Studies such as [66], which involved a sample of 3188 adolescents aged 12–17, found that 5.2% of the respondents were victims, 4.5% were perpetrators, and 4.3% were both victims and perpetrators, depending on the context. In contrast, another similar study by [67] found that 72.1% of the adolescents interviewed had been involved in at least one cyberbullying situation in the past year. Almost half of them were cybervictims (49.3%), 23.3% were cyberaggressors, and 62.3% were cyberobservers, i.e., people who did not bully the victim directly, but contributed to this type of behaviour and would largely determine the consequences. The same author explained in [68] that victimisation is more common among females than males and that the incidence of cyberbullying varies considerably from one school year to another. Thus, while a higher incidence of “traditional” bullying is found in lower secondary education, cyberbullying is more prevalent in upper secondary education, with a large number of victims of different types of bullying. Among the types of bullying reported by the respondents, the following stand out:
  • Receiving offensive and insulting messages via mobile phone or the internet (27.2%).
  • Receiving anonymous calls to frighten and provoke fear (22.2%).
  • Being subjected to defamation through the internet to discredit (17.3%).
  • Receiving offensive and insulting calls via mobile phone or the internet (16.3%).
  • Being blackmailed or threatened by messages or calls (11.9%).
  • Theft of password to prevent access to accounts (11.4%) [69] (p. 12).
Several articles have examined one particular type of cyberbullying, grooming, which is a form of deception used by an adult on a minor to establish a relationship, usually with the aim of sexual abuse. In the study by [27], a sample of 13,000 participants from different schools showed an incidence rate of grooming of 12.6% in public schools, 8.2% in charter schools, and 8.4% in public schools, mostly by males (20.4%) compared with the number of female groomers (4.2%).

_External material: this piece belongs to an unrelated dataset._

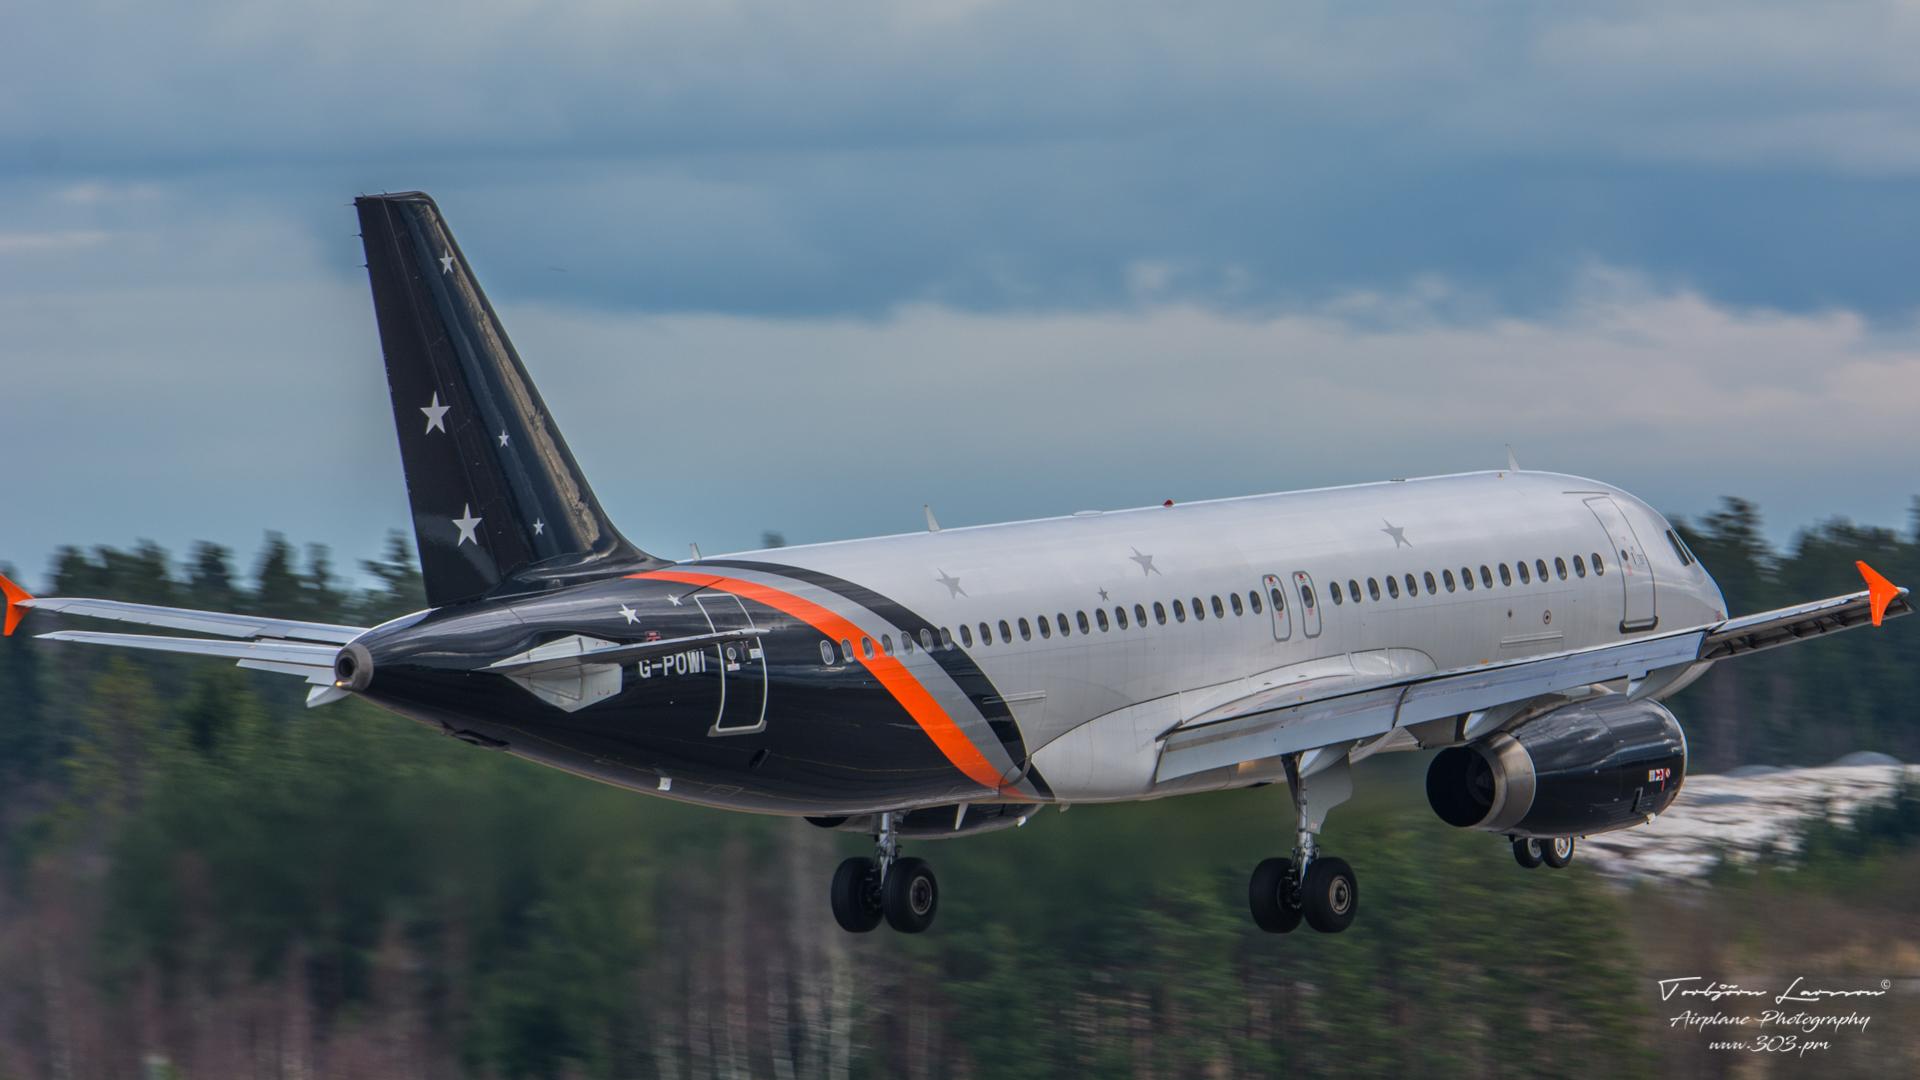 DSC_2599-Airbus A320-233 - Novair G-POWI

Risk Factors in Cyberbullying

Other research focuses on the main characteristics of victims and perpetrators and identifies a number of characteristics and behaviours that are more likely to be involved in this type of problem.
The different studies analysed seem to agree that the main risk factor for cyberbullying is high participation in online leisure activities, especially social networks and video games. Furthermore, the misuse of networks not only exposes adolescents to becoming potential victims of cyberbullying, but also constitutes the main risk factor for becoming a cyberbully, as “The level of violence observed in the online world reinforces aggressive, violent behaviour in the real world” [69] (p. 7).
This idea is closely related to what is reported in the paper by [70], in which cyberbullying is related to nomophobia. These authors understand nomophobia as the anxiety or nervousness associated with excessive mobile phone use, especially when access to it is restricted for some reason. This phenomenon “has been associated with an increase in cyberbullying behaviour, and both phenomena are associated with dimensions of psychopathology” [71] (p. 8). Thus, dependence on and misuse of electronic devices often go hand in hand with emotional, academic, and behavioural problems and unstable relationships with overly restrictive or, conversely, non-supervising parents, which are the main characteristics shared by both victims and perpetrators [64,72].
Therefore, studies have found that the risk factors of cybervictims and cyberaggressors are similar and that there is an inverse causal relationship between adolescents’ digital literacy and their risk of cyberbullying or cyber-harassment [71]. In terms of the social environment, a good relationship between adolescents and their parents can minimise the risk of cyberbullying, while authoritarian relationships and peer influence can increase it [73].

Victims of Cyberbullying

The final sub-category of cyberbullying research is that of the victims. It provides numerical data, first-person experiences, and some of the main consequences of cyberbullying for the young people who suffer it.
The percentage of cyberbullying victims varies considerably according to gender: 18% of boys are cyberbullied, while the figure rises to 25% for girls, i.e., 1 in 4 adolescent girls report having been cyberbullied. Furthermore, studies show that in most cases victims of cyberbullying are also victims of face-to-face bullying, usually in the school environment [74]. A large number of publications focus on the harassment of LGBTIQ+ people, who are particularly bullied online, usually in a much more severe and violent way, with fatal consequences for the victims [75].
The consequences of these violent situations for cybervictims are varied and directly related to mental health. Studies such as [76,77,78] agree that young people who have experienced cyberbullying are more likely to suffer from post-traumatic stress, anxiety, self-esteem problems, self-harm, frustration, academic problems, and depression. All of these have a direct impact on their social and family well-being, and in most cases lead to situations of isolation and, in extreme cases, death.
In these cases, early intervention is essential to stop the bullying and minimise its impact. However, this is difficult because although a few studies, such as [79], show that victims of cyberbullying are likely to tell others about their situation (88%), in most studies the respondents do not do so, fearing the repercussions and possible complications. Surprisingly, one of these complications was the fear of their parents’ reactions; more specifically, they were afraid that their parents would restrict their use of the internet. In short, “technology has enabled bullies to bypass the watchful eyes of parents and educators and has given them a more direct access to their victims” [77] (p. 72).
As a result, those affected tend to seek other forms of support that they perceive as less complicated, as shown in [80], where LGBTIQ+ victims narrate their experiences of harassment through YouTube videos. They express their feelings, make their situation more visible, and are more likely to seek support from other people who can empathise with what they are going through.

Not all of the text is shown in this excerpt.